To a mechanically stirred solution of the acid 2 (70.60 g, ca. 560.0 mmol) in anhydrous acetone (1.7 L), was added Et3N (76.2 g, 105.0 mL, 753.0 mmol) dropwise at −5 °C. After additional stirring at this temperature for 15 min, neat ethyl chloroformate (103.7 g, 91.0 mL, 956.0 mmol) was added at the same temperature over a period of 30 min, and the resulting mixture was stirred at this temperature for an additional 2 h. Then a solution of NaN3 (75.0 g, 1.0 mol) in H2O (200 mL) was added over a period of 1.5 h. The reaction mixture was stirred at 0 °C for 1.5 h, concentrated under reduced pressure at 0 °C to about a half of the original volume, poured into ice-cold water (2 L), and the mixture extracted with diethyl ether (4 × 400 ml) and pentane (2 × 350 ml). The combined organic solutions were washed with ice-cold water (2 × 400 mL), dried under stirring with MgSO4 at 0 °C for 1 h and concentrated under reduced pressure at 0 °C/20–30 Torr. The residue was taken up with pentane (300 mL), dried and concentrated under the same conditions. It was then dissolved in anhydrous t-BuOH (200 mL), and this solution was added dropwise to anhydrous t-BuOH (1300 mL) kept at 80 °C under vigorous stirring over a period of 2.5 h. The resulting solution was heated under reflux for an additional 9 h. The main volume of t-BuOH (ca. 1300 mL) was distilled off under ambient pressure in a nitrogen flow. After cooling, the residue mixture was dried at 20 °C/0.1 Torr to give essentially pure carbamate 3 (84.0 g, 76%) as a colorless solid, mp 69–70 °C, Rf 0.38 (hexane/Et2O 5:1), which was used in the next step without further purification. 1H NMR (300 MHz, CDCl3) δ 4.91 (br s, 1H, NH), 1.39 (s, 9H, 3 CH3), 1.30–1.20 (br m, 1H, cPr-H), 0.64–0.57 (br m, 2H, cPr-H), 0.52–0.45 (br m, 2H, cPr-H), 0.37–0.31 (m, 2H, cPr-H), 0.09–0.04 (m, 2H, cPr-H); 13C NMR (62.9 MHz, CDCl3) δ 155.2 (C), 79.0 (C), 34.1 (C), 28.3 (3 CH3), 15.6 (CH), 11.9 (2 CH2), 2.6 (2 CH2); EIMS (70 eV) m/z: 141 (M+ − C4H8), 126, 96, 82, 58, 57, 43; HRMS–ESI (m/z): calcd for C11H19NNaO2, 220.1308; found, 220.1314.
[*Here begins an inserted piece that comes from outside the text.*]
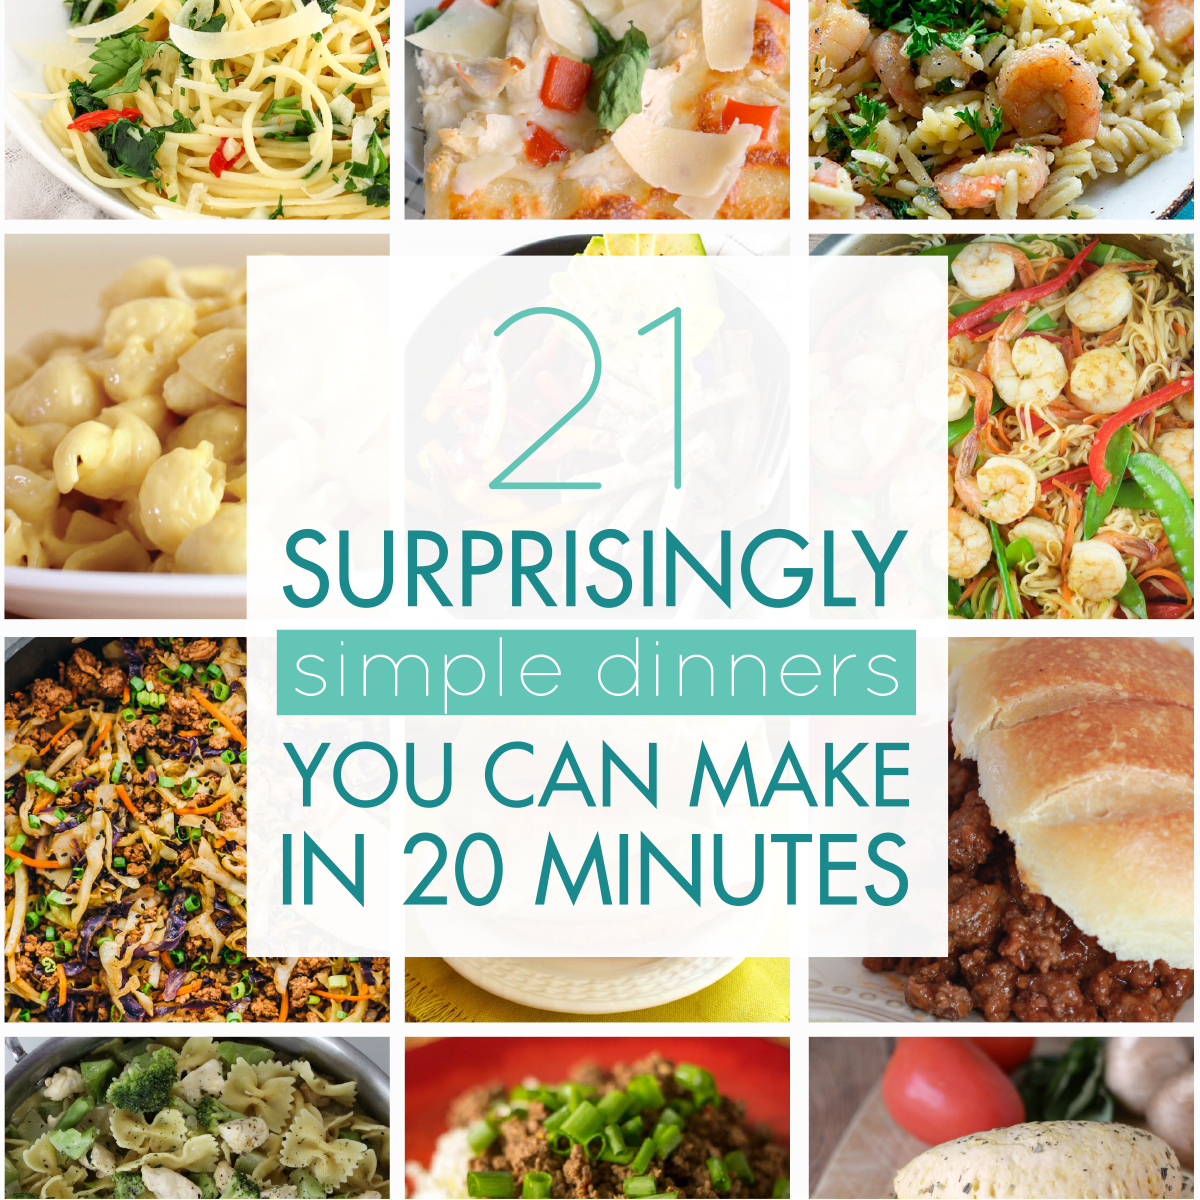 21 Surprisingly Simple Dinners You Can Make in 20 Minutes

Synthesis of (1-cyclopropyl)cyclopropylamine hydrochloride (4·HCl)

Under stirring, a solution of the carbamate 3 (84.0 g, 425.8 mmol) in Et2O (100 mL) was added to a ca. 5.0 N HCl solution in Et2O (700 mL) in one portion at 0 °C. The reaction mixture was stirred at 0 °C for 4 h and at ambient temperature for 20 h. The formed precipitate was filtered off, washed with Et2O (200 mL) and dried in a vacuum desiccator over P4O10 overnight to give 4·HCl (49.7 g, 87%) as a colorless powder, which slowly decomposes above ca. 135 °C and melts at 196–198 °C (dec.); 1H NMR (300 MHz, D2O) δ 1.30–1.26 (m, 1H, cPr-H), 0.71–0.60 and 0.60–0.55 (m AA'BB', 4H, cPr-H), 0.49–0.42 and 0.13–0.08 (m AA'BB', 4H, cPr-H).
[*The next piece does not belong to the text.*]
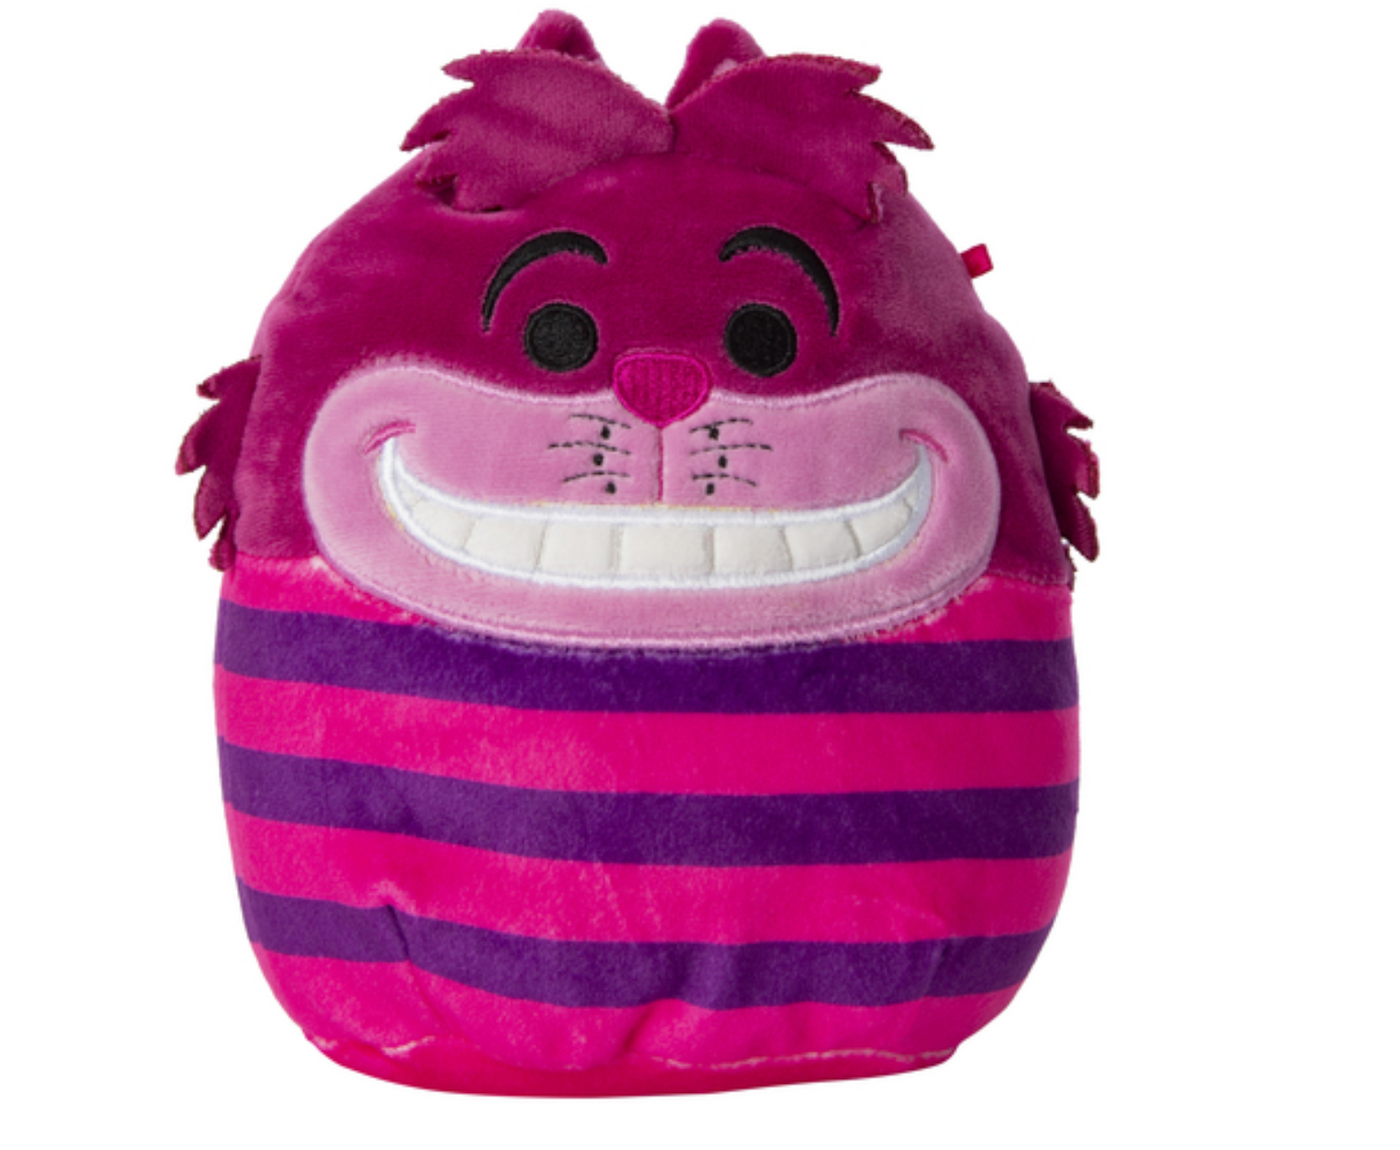 Disney Squishmallows 6.5inc Alice in Wonderland Cheshire Cat Plush New with Tag

When a solution of the intermediate azide in the preparation of 3 was not sufficiently dried, the thermolysis in t-BuOH along with tert-butylcarbamate 3 gave the 1,3-di(bicyclopropyl)urea (5) in up to 50% yield. Compound 5 was isolated as a colorless solid after deprotection of 3 with HCl/Et2O by evaporation of the mother liquor followed by recrystallization of the residue from hexane/CHCl3; mp 159–161 °C. The structure of 5 was confirmed by X-ray crystal structure analysis [26]. 5: 1H NMR (300 MHz, CDCl3) δ 5.21 (br s, 2H, NH), 1.28–1.16 (m, 2H, 2 CH cPr-H), 0.73–0.61 (m AA'BB', 8H, 4 CH2, cPr-H), 0.44–0.41 and 0.17–0.13 (m AA'BB', 8H, 4 CH2, cPr-H); 13C NMR (62.9 MHz, CDCl3) δ 158.8 (C), 33.9 (2 C), 15.5 (2 CH), 12.6 (2 CH2), 2.8 (6 CH2); EIMS (70 eV) m/z: 219 (M+ − H), 205 (M+ − H−CH2), 191 (M+ − H−C2H4), 124 (M+ − H−NC6H9), 96 (M+ − H−NC6H9−CO), 82 (M+ − H−NC6H9−CH2−CO).

Acknowledgements

This work was supported by the Land Niedersachsen.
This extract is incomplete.